Bleibt noch Scham. Nicht wenige Münchner haben am Freitag über Twitter und WhatsApp Informationen geteilt und weiterverbreitet, die nicht zielführend waren. So kam es, das schon um 18 Uhr von 15 Toten zu lesen war, dass es Schießereien auch am Stachus, in der Fußgängerzone, am Marienplatz, auf dem Tollwood und am Odeonsplatz gegeben hatte und dass der Täter eine „schmutzige Bombe“ dabei hatte. Panik hatte um sich gegriffen. Nicht wenige Bürger trugen Blessuren davon. Und so kam es auch, dass die Einsatzkräfte noch nach drei Männern mit Gewehren suchen mussten, als der mit einer Pistole ausgerüstete Einzeltäter sich schon längst gerichtet hatte. Soziale Medien und Messenger können Großes leisten, wenn es darum geht, vor Gefahren zu warnen. Doch einige wenige "Spaßvögel" hatten Falschmeldungen in die Welt gesetzt, die viele andere dann ungeprüft weitergeleitet hatten. Man kann froh sein, dass bei den Paniken nicht noch mehr passiert ist.
 
Die Münchner und die bayerische Polizei – das war in der Vergangenheit nicht immer eine Liebesbeziehung. Nun ist große Dankbarkeit zu spüren. Die Gesetzeshüter griffen sofort zum großen Besteck: SEK, Hubschrauber mit Wärmebildkameras, Scharfschützen, GSG9. Der Täter hatte noch 300 Schuss Munition dabei. Er wollte noch sehr viel mehr Menschen töten. Dass es nicht so kam, ist ein Verdienst der Polizei. Passanten klopfen Beamten auf die Schultern und schütteln Hände. Hier und da spendieren Ladeninhaber ein paar Kugeln Eis oder Leberkäsesemmeln. Die Stadt und ihre Polizisten sind ein Stück weiter zusammengerückt.

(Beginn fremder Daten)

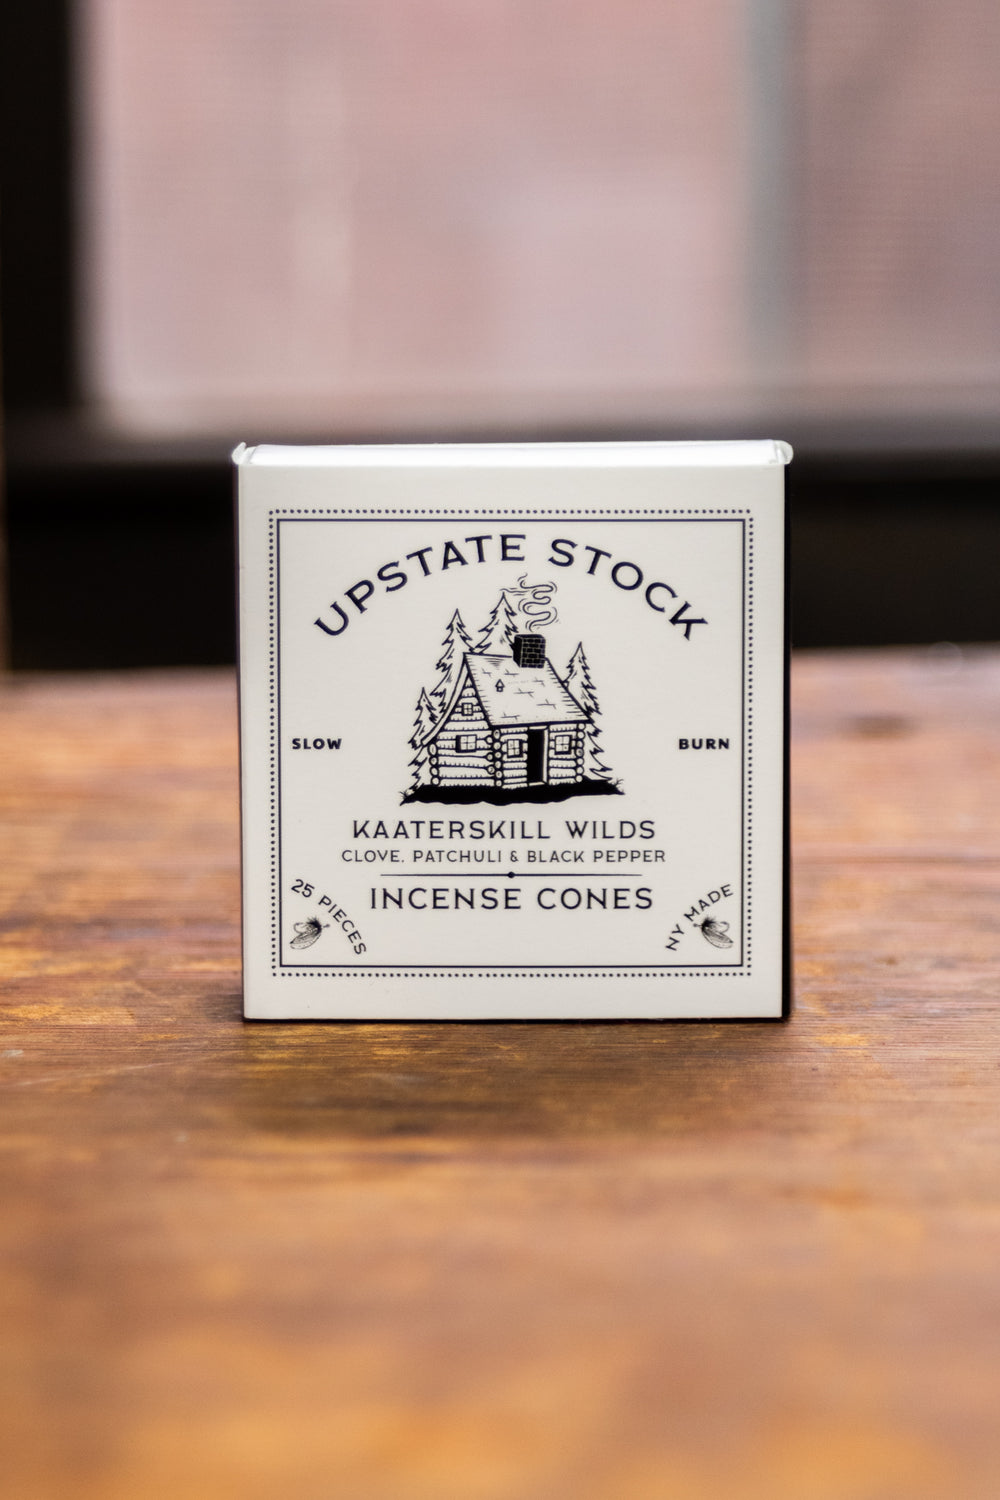 Upstate Stock Candles & Incense – UPSTATE STOCK

Trauer, Wut, Erleichterung, Dankbarkeit, Scham. All diese Gefühle sind omnipräsent in einer Stadt, die normalerweise sich und das Leben feiert. In der an diesem Wochenende alles etwas langsamer, etwas trister ist. Es wird eine Weile dauern, bis wieder alles normal ist. Vergessen wird die Stadt diesen 22. Juli und seine Opfer nie. Diese Stadt und ihre Menschen werden wieder leben. Aber eine Narbe bleibt.